Constraint Driven Learning

Details:

Decision making in domains such as natural language processing is characterized by ambiguity and partial or imperfect information sources, which necessitates the use of models learned from data. Decisions made with these models often involve assigning values to sets of interdependent variables where the expressive dependency structure among variables of interest can influence, or even dictate, what assignments are possible. To cope with these difficulties, problems are typically modeled as stochastic processes involving both output variables and the information sources, often referred to as input or observed variables.

There exist several fundamentally different approaches to learning models that can assign values simultaneously to several interdependent variables. One approach is to completely ignore the output structure at the learning stage (by learning local models that make independent local decisions), while enforcing coherent assignments at the inference stage. Another solution is to, directly or indirectly, model the dependencies among the output variables in the learning process and thus induce models that optimize a global performance measure. In this scenario, to allow efficient training and inference, the model of the joint distribution is factored into functions of subsets of the variables, yielding models such as Markov Random Fields (MRFs), Conditional Random Fields (CRFs) and Hidden Markov Models (HMMs).

However, in many problems dependencies among output variables have non-local nature, and incorporating them into the model as if they were probabilistic phenomena can undo a great deal of the benefit gained by factorization, as well as make the model more difficult to design and understand. For example, consider an information extraction task where two particular types of entities cannot appear together in the same document. Modeling mutual exclusion in the scenario where $n$ random variables can be assigned mutually exclusive values introduces $n^2$ pairwise edges in the graphical model, with obvious impact on training and inference. While efficient algorithms for leveraging a particular type of constraint can be developed, modeling of declarative non-local constraints this way is clearly very expensive. Moreover, a lot of parameters are being wasted in order to to learn something the model designer already knows.

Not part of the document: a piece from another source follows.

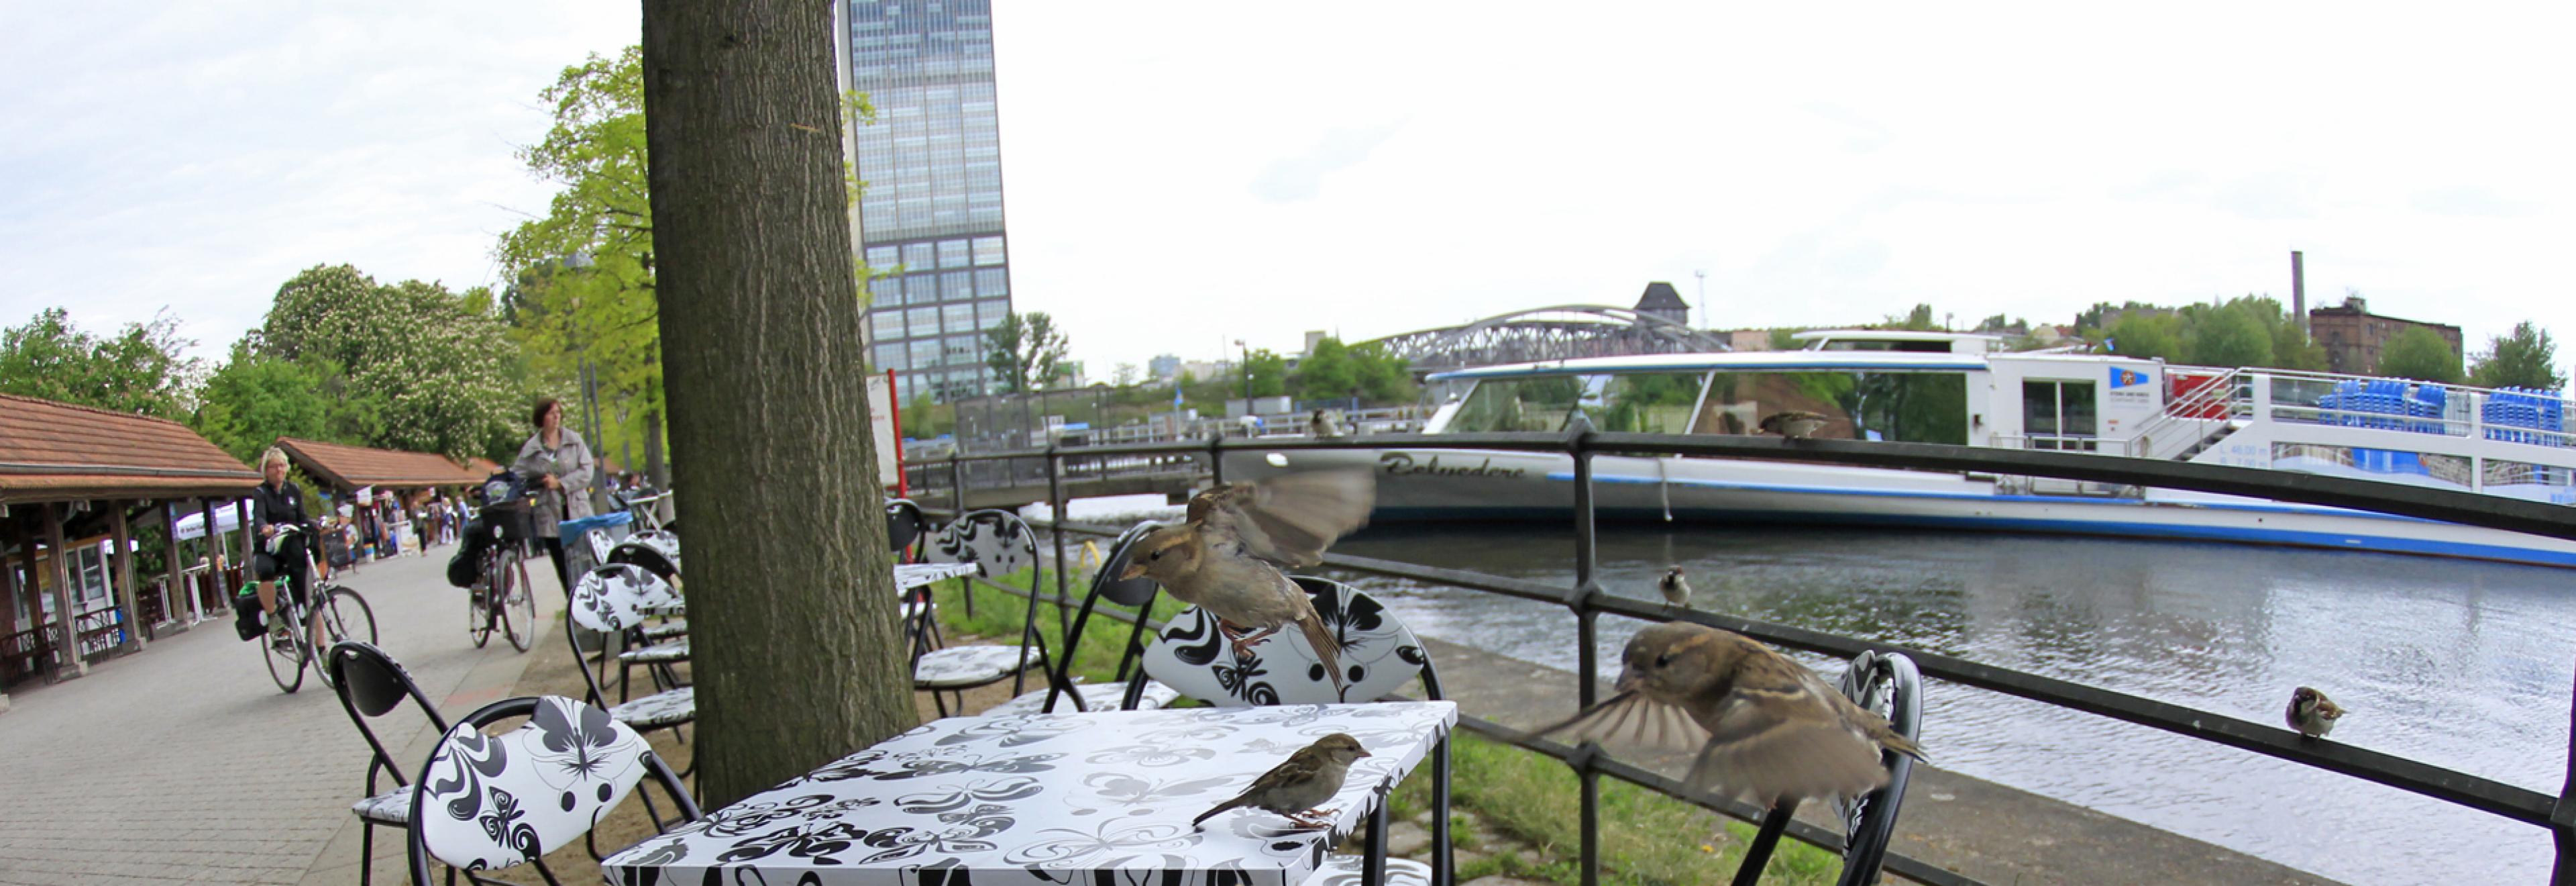 Mehrere kleine Vögel sitzen af Stühlen und an einem gedeckten Restauranttisch, an dem keine Menschen sitzen. Im Hintergrund sieht man einen Fluss und einen Weg mit einigen Personen.

In this work, we provide a framework that augments linear models with declarative constraints as a way to support decisions in an expressive output space. Our framework injects the constraints directly instead of doing it indirectly as mentioned above. it allows the use of expressive constraints while keeping models simple and easy to understand. Factoring the models by separating declarative constraints naturally brings up interesting questions and calls for novel training and inference algorithms. Our results show that the constraints play an important role under both supervised and semi-supervised learning setting.